> **Try it**
Only a verbatim restatement of the lines from the one with "Men's Asics GT-2000" through the end of the listing below is wanted. Pictures should be left out.

> **Dataset content**
* * * * * * * * *

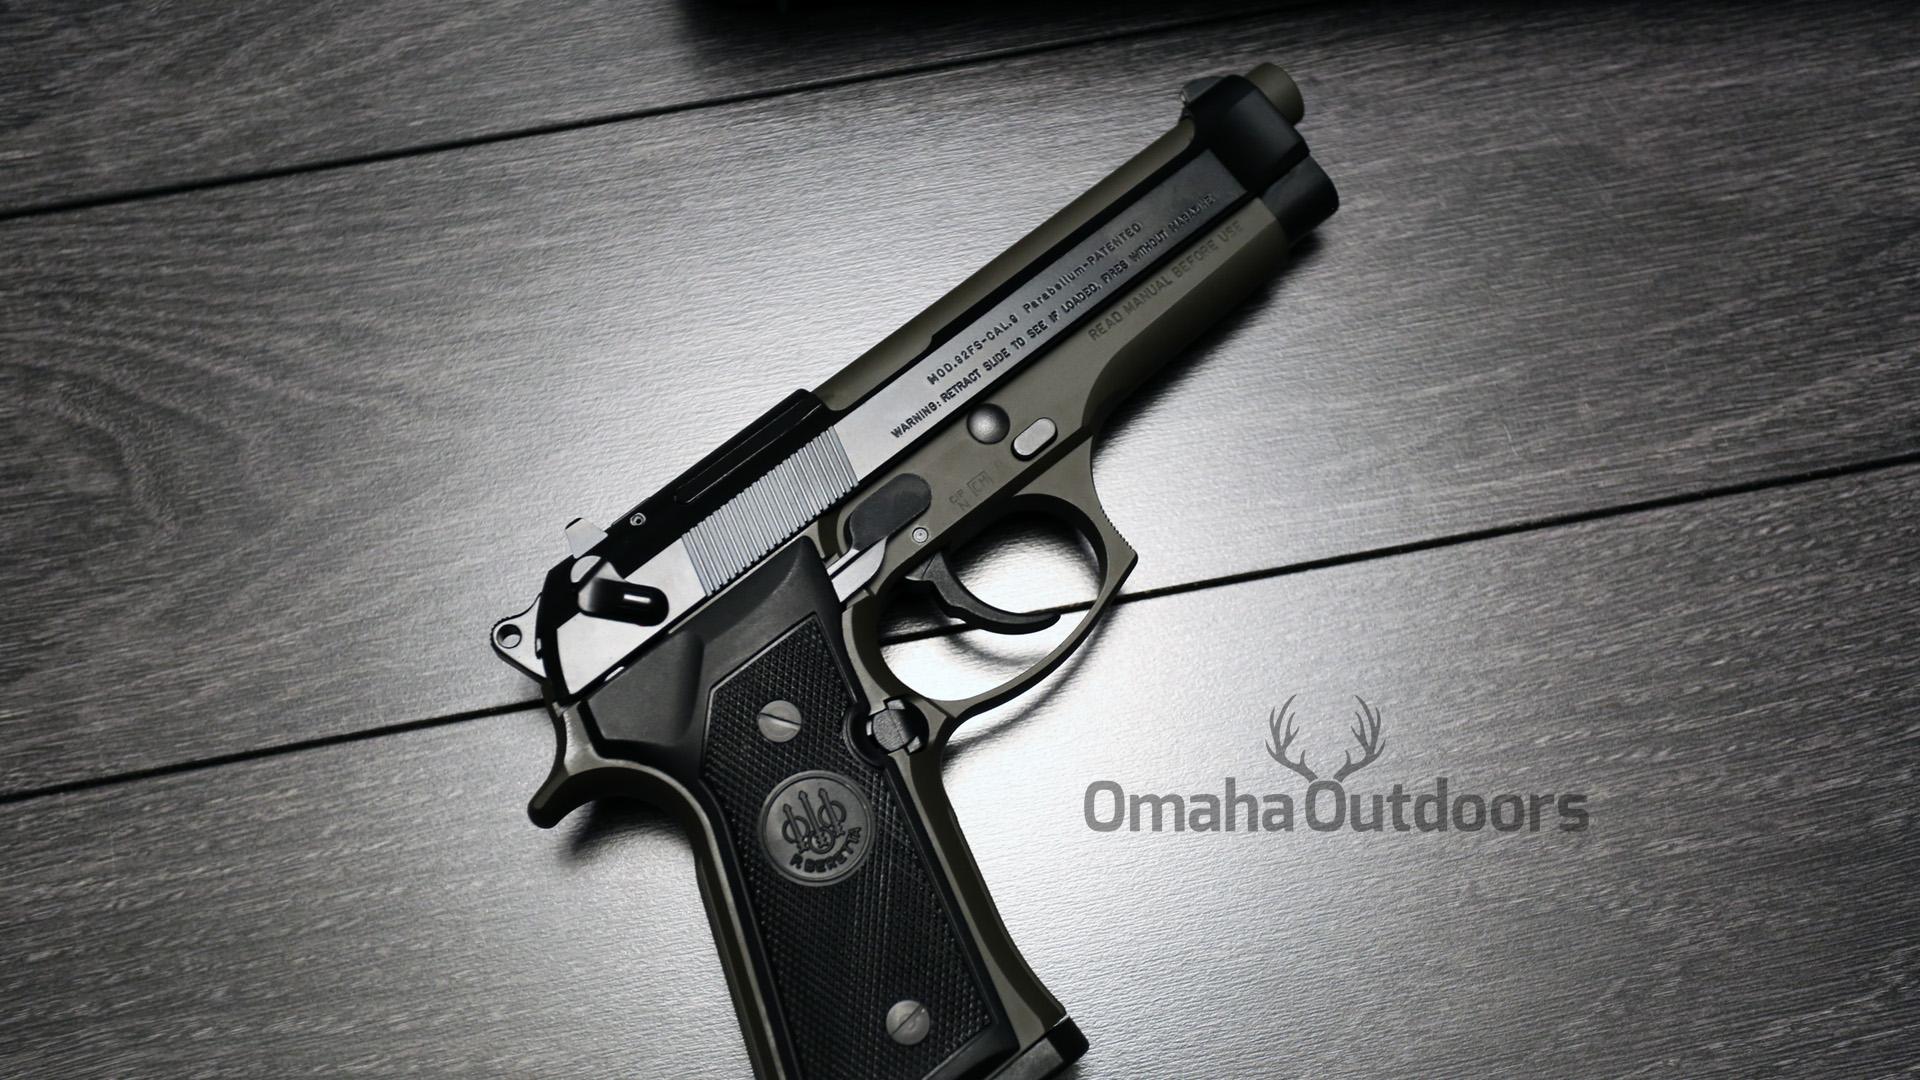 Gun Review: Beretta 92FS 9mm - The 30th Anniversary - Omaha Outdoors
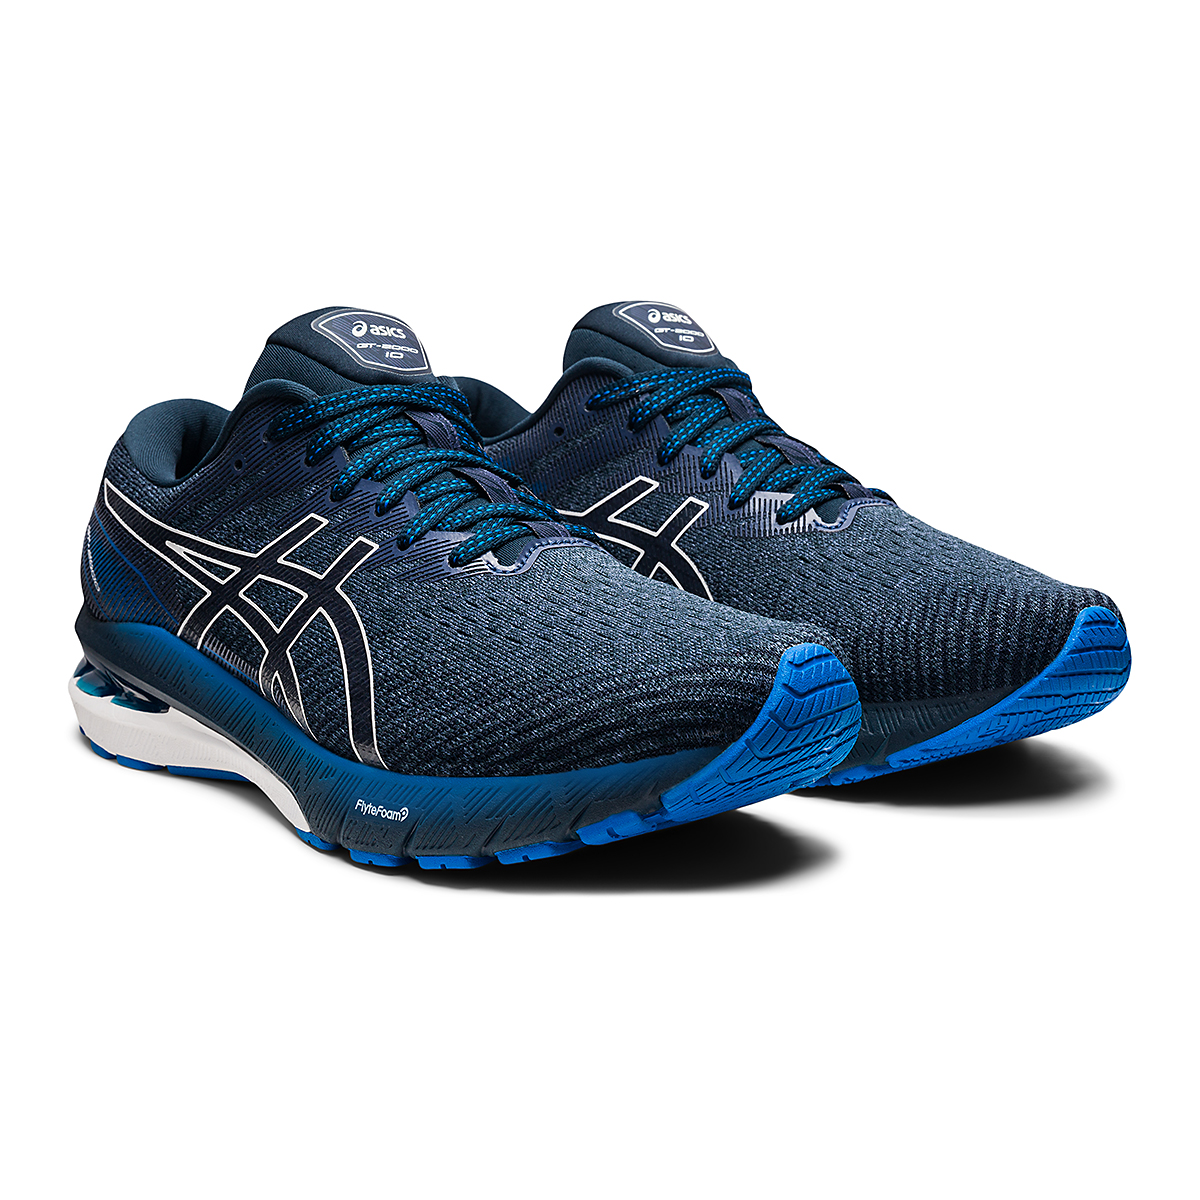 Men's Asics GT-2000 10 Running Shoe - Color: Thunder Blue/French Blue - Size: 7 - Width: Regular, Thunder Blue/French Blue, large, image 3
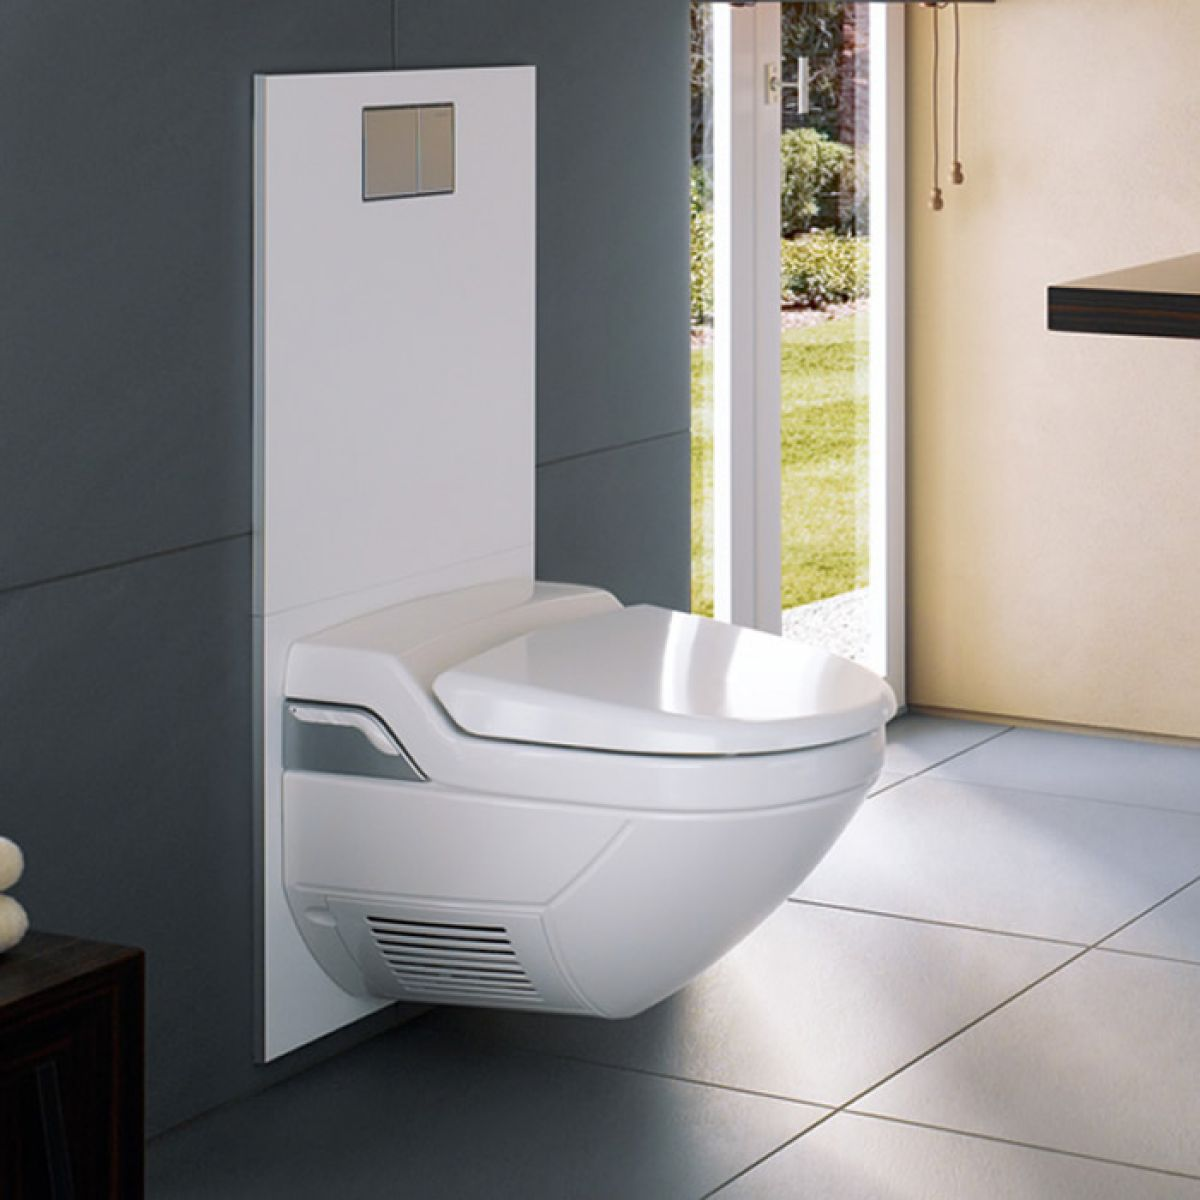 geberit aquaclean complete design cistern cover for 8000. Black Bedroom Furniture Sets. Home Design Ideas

* * * * * * * * *

> **Answer to the exercise**
 Men's Asics GT-2000 10 Running Shoe - Color: Thunder Blue/French Blue - Size: 7 - Width: Regular, Thunder Blue/French Blue, large, image 3
 geberit aquaclean complete design cistern cover for 8000. Black Bedroom Furniture Sets. Home Design Ideas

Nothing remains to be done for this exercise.